Se talun giuoca meco e perde cento,
e poscia per la perdita che ha fatto
esigesse da me compensamento,
ei mi parrebbe impertinente o matto;
Se tu perder non vuoi, di grazia in pochi
motti risponderei perchè tu giochi?
E peggio saria poi, ma peggio assai,
se il compenso da darsi ei fosse tolto
sovra la proprietà degli animai
che non v'abbiano a far poco nè molto;
sicchè il Barbon, che ingiusta vide e folle
esser l'instanza, insister più non volle.

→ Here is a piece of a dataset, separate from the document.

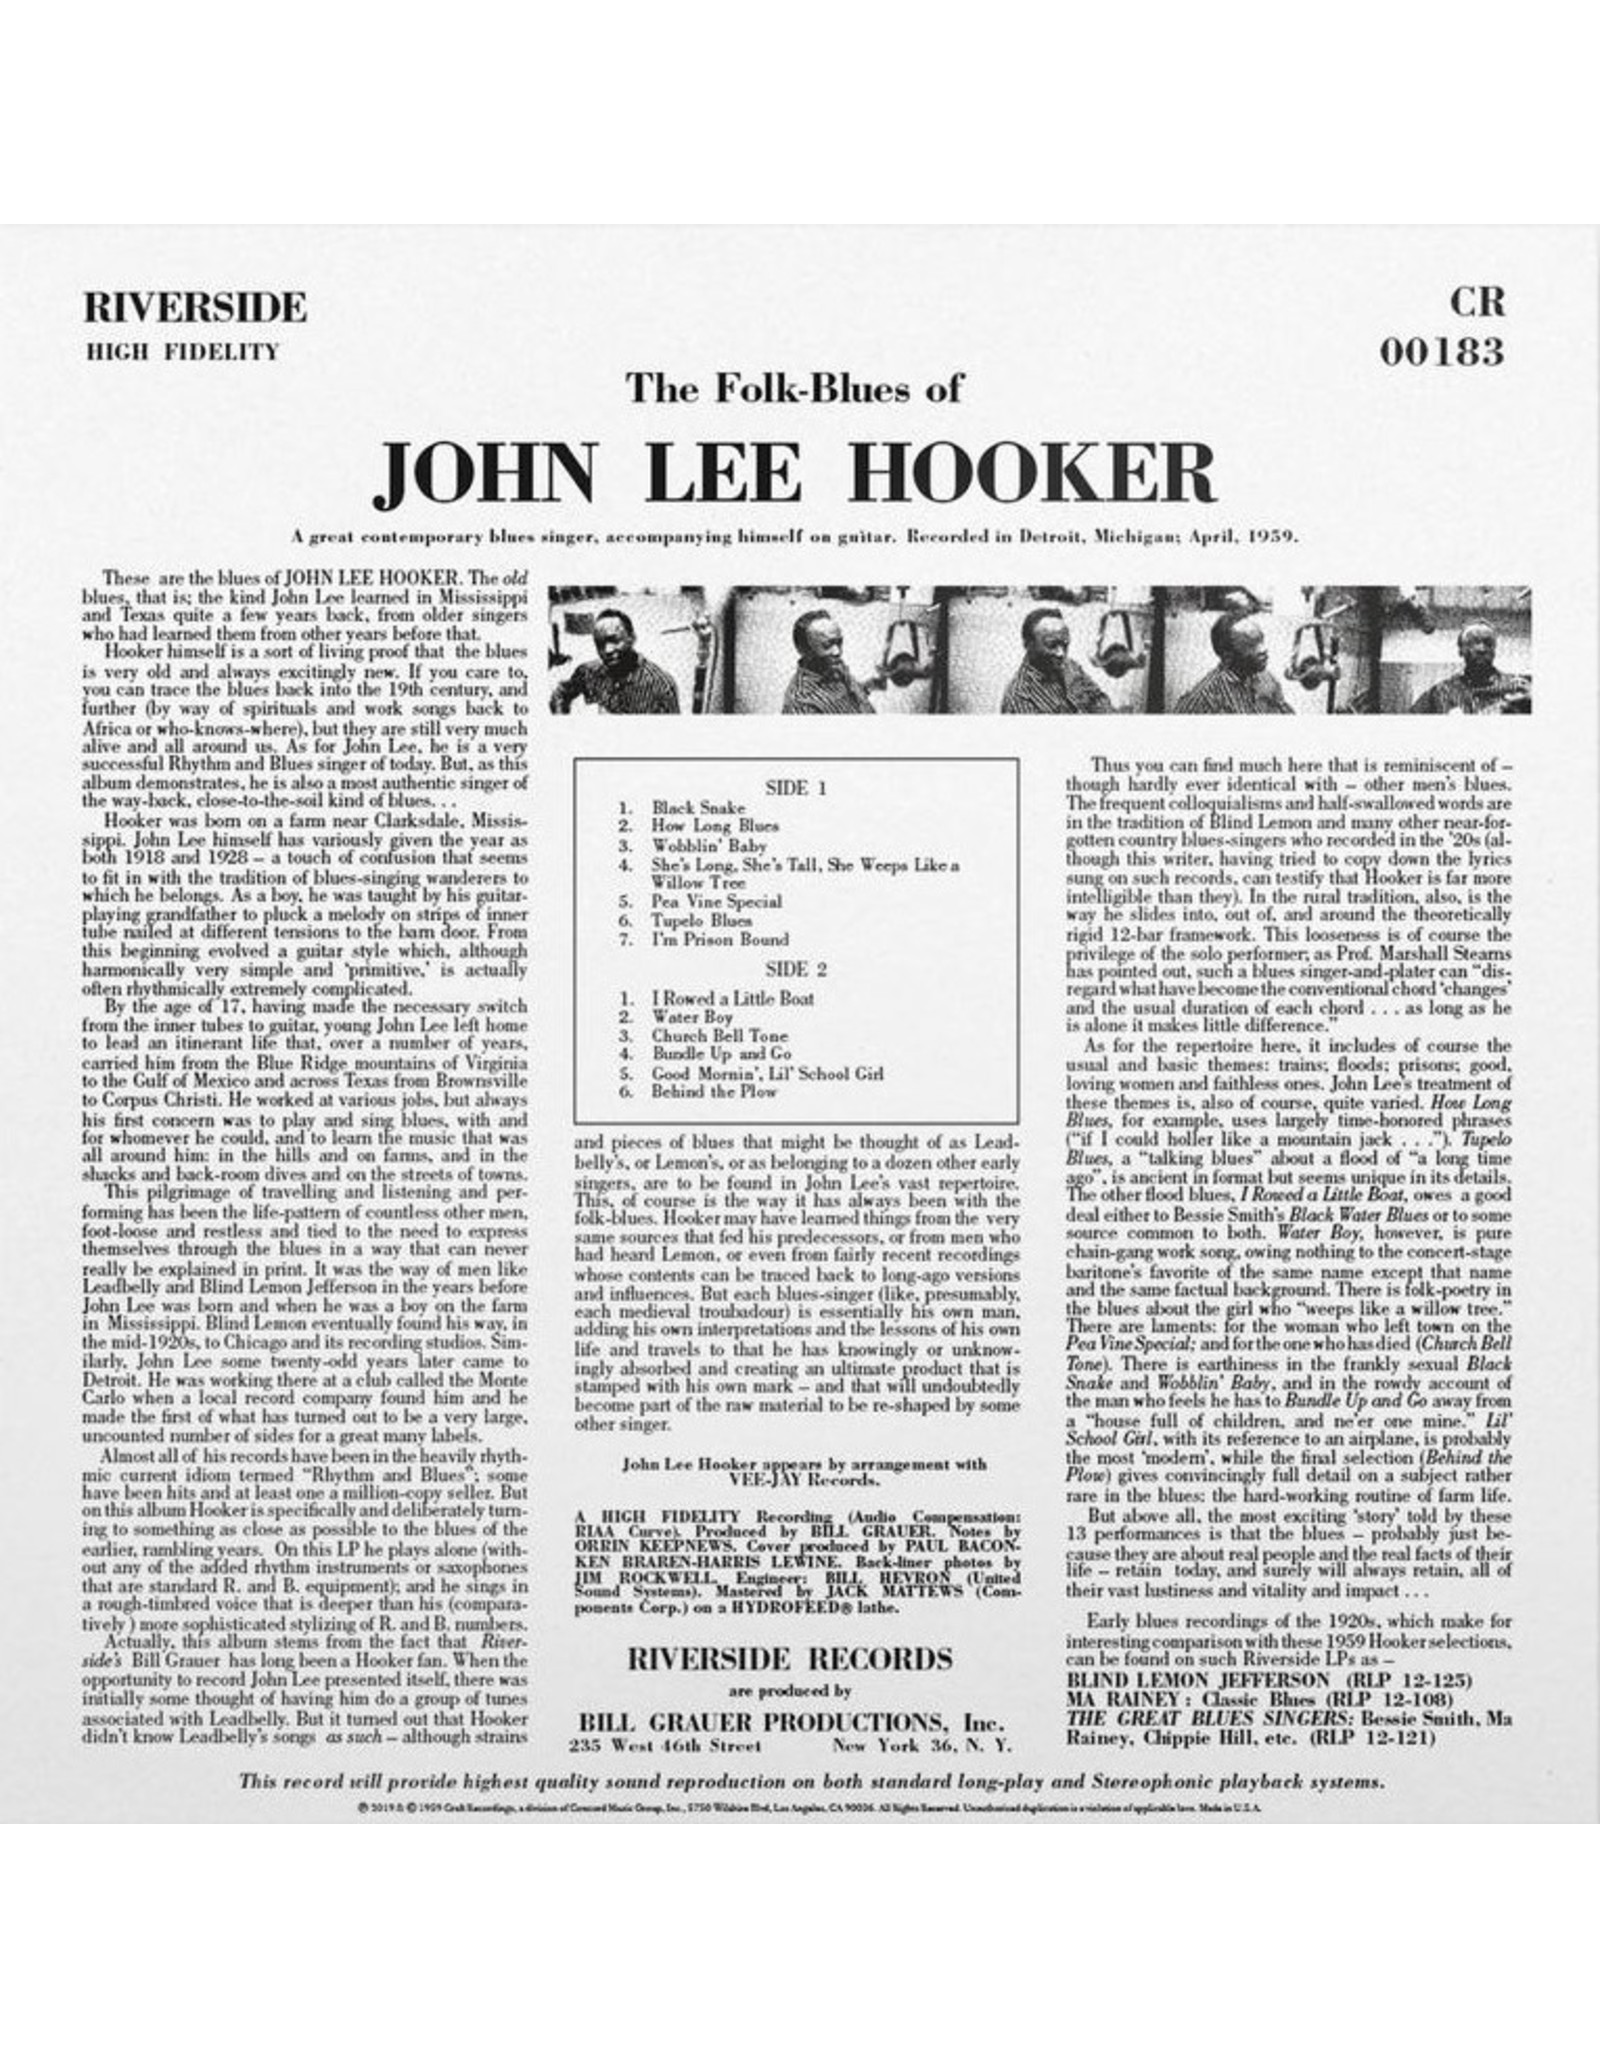 John Lee Hooker - The Country Blues of John Lee Hooker (2019 Remaster)

E disse all'altro Can: Nè delle corti,
nè della offesa autorità sovrana,
dunque non pensi a riparare i torti?
E quei: Qualunque obiezione è vana;
in altra guisa mai, con altre idee
mai fra noi pace esser non può, nè dee.
Così dicendo, rimbruschissi, e tacque.
al povero Barbon quell'ultimato,
come potete credere, non piacque;
ma il Can clubista in tuon mezzo arrabbiato,
Addio gli dice, e te lo pianta lì.
e quel congresso in guisa tal finì.
Il nostro Can barbon, tutto confuso
per quella mission mal riuscita,
ai due Levrier con sbigottito muso,
O ben, o mal, dicea, questa è finita.
E i Levrier: pur poc'anzi a noi dicesti
ch'assestar tutto a tuo piacer potresti.
E il Can barbon: Quel ch'io dovea fec'io;
salvo è l'onor del trono e della corte,
salvo il decor del ministero e il mio;
cura poscia del resto avrà la sorte.
Or che s'ha egli a fare? ed un Levriero
umilmente propose un suo pensiero.
Molto ancor disse a noi riman del giorno:
far si potrebbe una passeggiatina,
pria che alla reggia facciasi ritorno.
Di qua non lungi è la rupe Corvina,
ove sul venerato, antico sorbo
rende i famosi vaticinj il Corbo.
Il sacro Uccel che l'avvenir predice
interrogar potrai, se pur ti piace;
e sentiremo un po' che diavol dice
sulla guerra presente e sulla pace.
Andiam; noi bestie siam corriere entrambe,
e tu, lodato il cielo, hai buone gambe.
Il Can barbone, per alcun momento
standosi assorto in un pensier profondo,
riflettea che un oracolo, un portento,
sempre fu, e sarà sempre in questo mondo,
poichè fur tutti i mezzi invan tentati,
il refugio che resta a' disperati.
Poscia disse al Levrier: poffareddio!
Il tuo pensiero è veramente bello;
bravo! vedo che tu, Levriero mio,
non men che buone gambe hai buon cervello;
gran tempo egli è, per dirtela, ch'io bramo
veder che storia è questo Corvo: andiamo.
ambasciador quanto il Levrier propose,
tosto senz'altra disputa in cammino
dietro quei svelti corridor si pose,
che pria di giunger a quel sacro loco
galoppar denno e sgambettar non poco.